An Empire of Their Own: How the Jews Invented Hollywood
- Author: Neal Gabler
- Language: English
- Genre: Nonfiction
- Publisher: Crown
- Publication date: 1988
- Publication place: United States
- Media type: Print (Hardback and paperback)
- Pages: 502 pp (hardback)
- ISBN: 0-385-26557-3

= An Empire of Their Own =

1988 book by Neal Gabler

An Empire of Their Own: How the Jews Invented Hollywood is a 1988 non-fiction book about the careers of prominent Jewish American film producers and businessmen in the early years of Hollywood. Author Neal Gabler focuses on the motivations of these film moguls, arguing that their background as Jewish immigrants shaped their careers and influenced the movies they made.

==Themes==
Gabler's main thesis is that these producers (whom Gabler terms "Hollywood Jews") generally came from poor, fatherless backgrounds, and felt like outsiders in America because of their Jewishness. In Hollywood, these producers were able to run their own industry, assimilate into the American mainstream, and produce movies that fulfilled their vision of the American Dream. In an interview with LA Times, Gabler speaks about the title of the book and the American Dream:They had a hunger for assimilation and, in the face of resistance and exclusion, "the Jews could simply create new a country--an empire of their own, so to speak . . . an America where fathers were strong, families stable, people attractive, resilient, resourceful, and decent." The 20th-Century American Dream was to a considerable degree depicted and defined by Hollywood.Gabler asserts that the nature of their business and their movies can often be traced back to their feelings of alienation as immigrants.

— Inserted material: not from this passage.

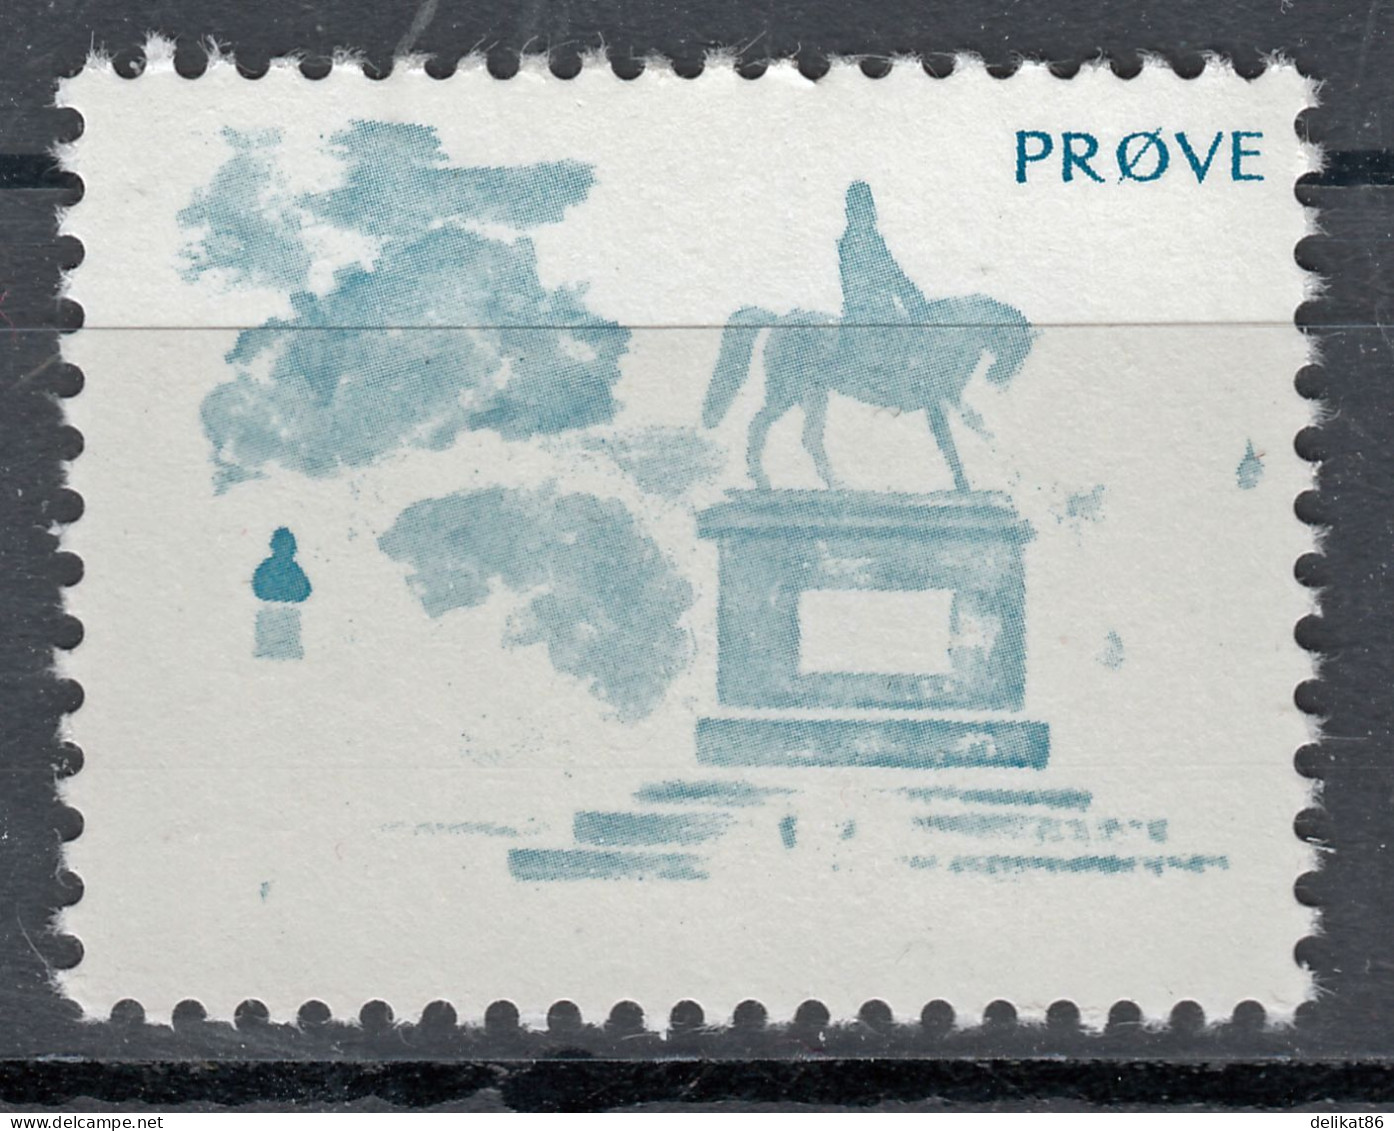 Test Stamp, Specimen, Prove, Probedruck, Reiterstandbild, Slania 1980 - 1985 - Proofs & Reprints

The book also explains that the business background of the Hollywood Jews in theatre-ownership, retail distribution, and the garment industry shaped the approach these studio owners took to crafting movies for a popular audience, one similar to the marketing of films as commodities as well as works of art.

The title of the book is a reference to F. Scott Fitzgerald's unfinished novel The Last Tycoon, in which Fitzgerald describes his protagonist, Monroe Stahr (a character inspired by the producer Irving Thalberg) as "coming home to an empire of his own—an empire he has made." The book won the 1989 Los Angeles Times Book Prize for history and the 1989 Theatre Library Association Award.

==Adaptations==
The book was adapted into a documentary film in 1998, a decade after the book was published. The movie has two titles: Hollywoodism: Jews, Movies and the American Dream (original title for A&E) and Hollywood: An Empire of Their Own (title for video/DVD). The documentary won an award for Best Jewish Experience Documentary at the 1998 Jerusalem Film Festival.

==See also==
- Cinema of the United States
- Jews in American cinema
- List of Jewish American entertainers
- List of Jewish American businesspeople in media
- Major film studios ("The Big Five")
- Classical Hollywood cinema (Hollywood's Golden Age)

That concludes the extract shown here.